Exceptionally, a sheriff’s office already has countywide jurisdiction, so the formal agreements are less involved than a municipal police department requiring the full endorsement of the official governance presiding over the other city agency needing coverage by cops. In the event court attendance comes into play down the road, these official city-to-city proclamations help to allay any discrepancies (defense attorneys will pick at this vehemently, arguing “lack of jurisdiction”) and facilitate adjudication proceedings overseen by the judicial realm.
What helps mainstay such an arrangement is the regional homogeneity of varying law enforcement entities using the same jargon (numerical codes to abbreviate messaging and have it understood by all) and replicating specialized skills learned at the local police academy.
On that last note, even when newly hired officers come to the agency from afar, a “comparable compliance” model is instituted whereby the new cops are somewhat reshaped in the local ways and means of policing (ensuring they are up to snuff on state statutes and local ordinances). The purpose is to meet the equivalent of police academy training offered locally; this way, everyone is on the same page regarding the operations playbook (aka how they provide public safety services).
Having said that, the visiting police faces and uniforms and cruisers covering a jurisdiction may differ for a brief duration (while locally known cops attend the fallen officer’s funeral services), without negating protections and services to its citizens.

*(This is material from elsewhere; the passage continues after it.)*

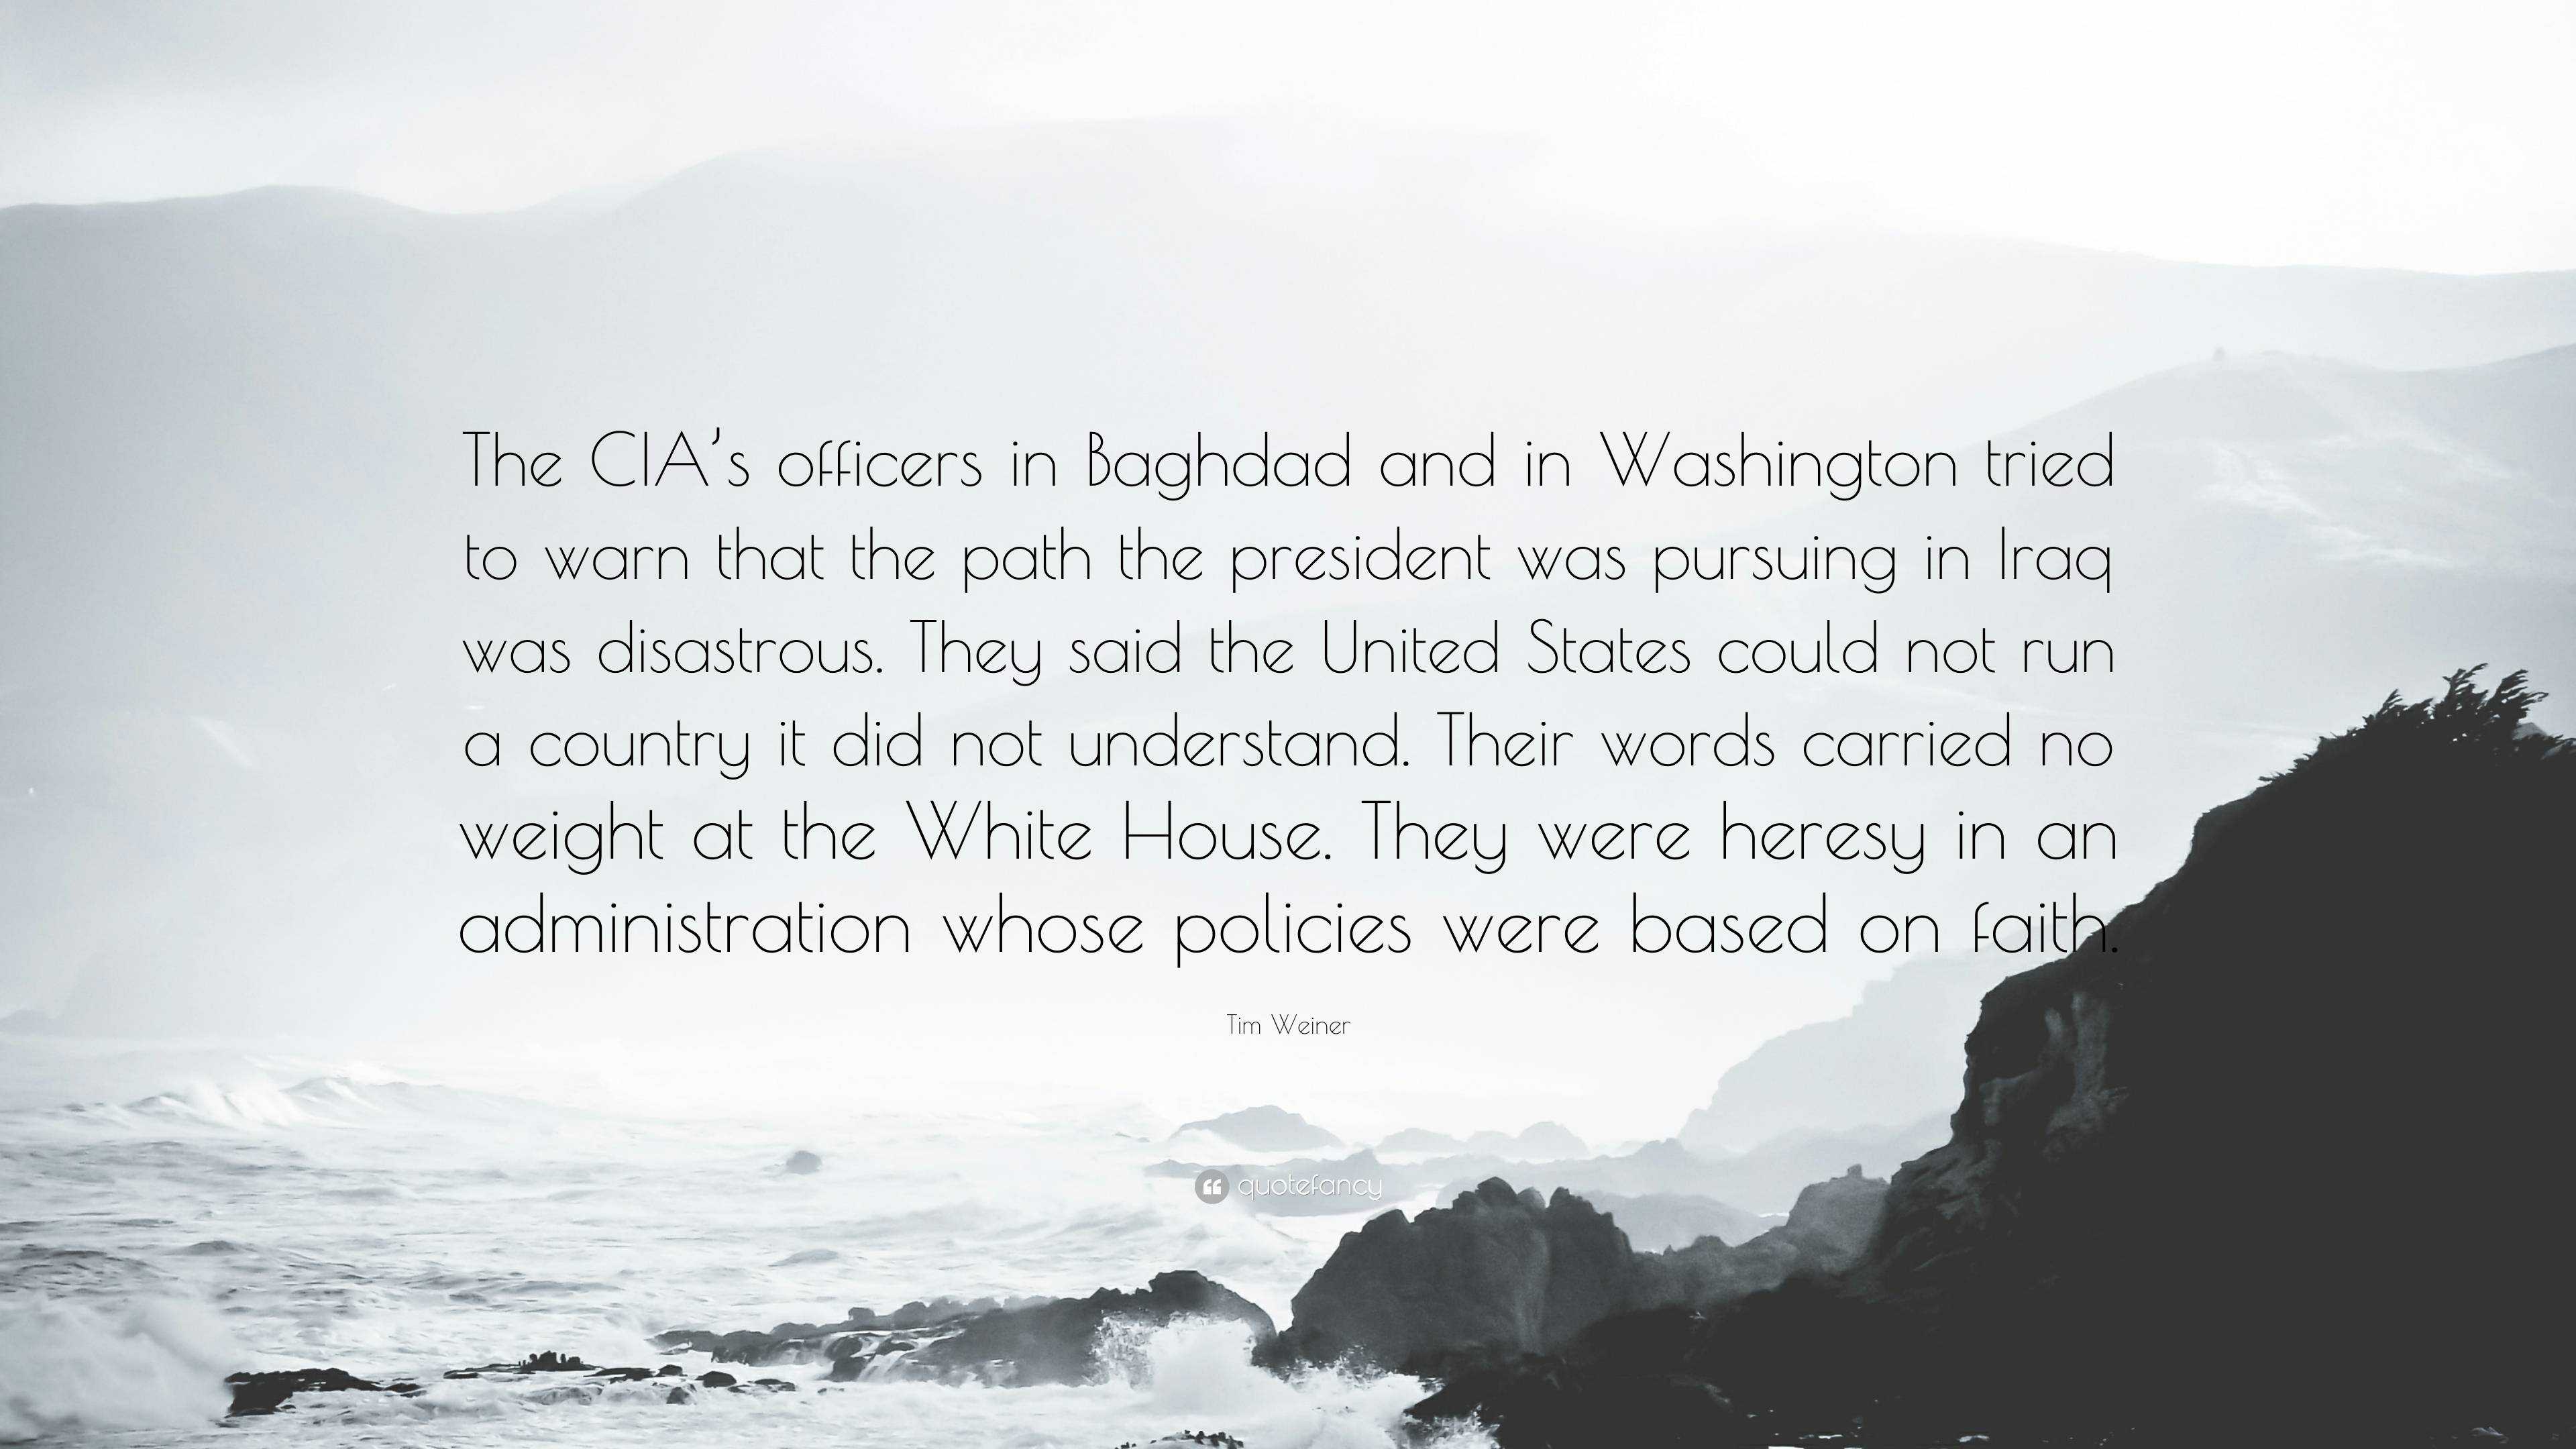 Tim Weiner Quote: “The CIA's officers in Baghdad and in Washington tried to that the path the president pursuing in Iraq disas...”
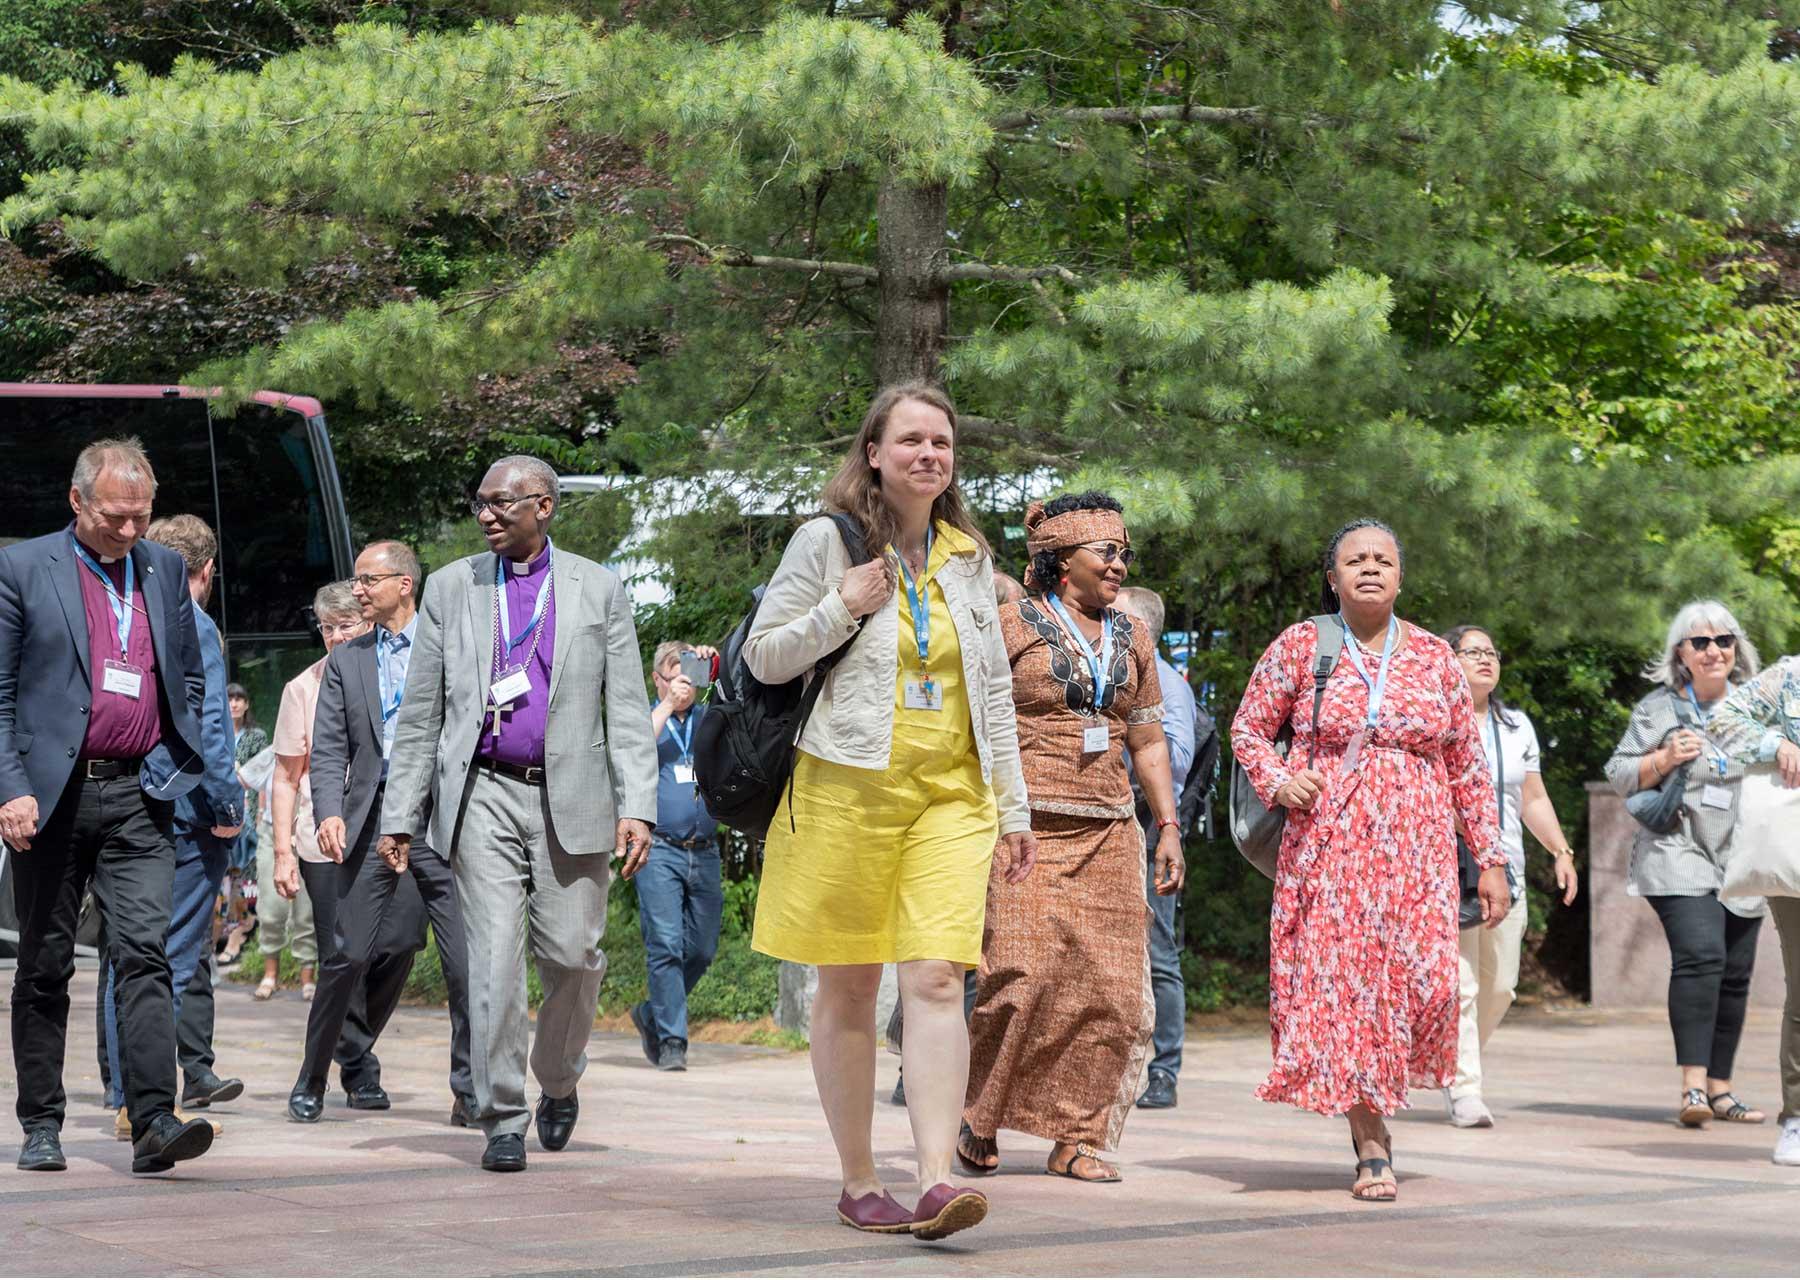 Council members make their way to the new LWF Communion Office in Geneva. Photo: LWF/A. Hillert

If there was ever a standout professional gesture among any occupation anywhere, this is one major contender.
Recently, the aforementioned details forged in the city of Grand Prairie, Texas, when one of its cops, Police Officer Brandon P. Tsai, was killed in the line of duty on November 14, 2022.
(Photo courtesy of the Grand Prairie Police Department)
Per the Officer Down Memorial Page (ODMP), police Officer Brandon Tsai “was killed in a vehicle crash while pursuing a vehicle with a fraudulent temporary tag at about 10:45 p.m.”
That instance marked the beginning of police funeral preparations…
A neighboring law enforcement agency stood up and stepped in to bear the public safety responsibility so that Officer Tsai’s police brothers and sisters could pillar his loved ones mourning the insurmountable loss, with graveside tears and salutations punctuated by his final radio call…unanswered.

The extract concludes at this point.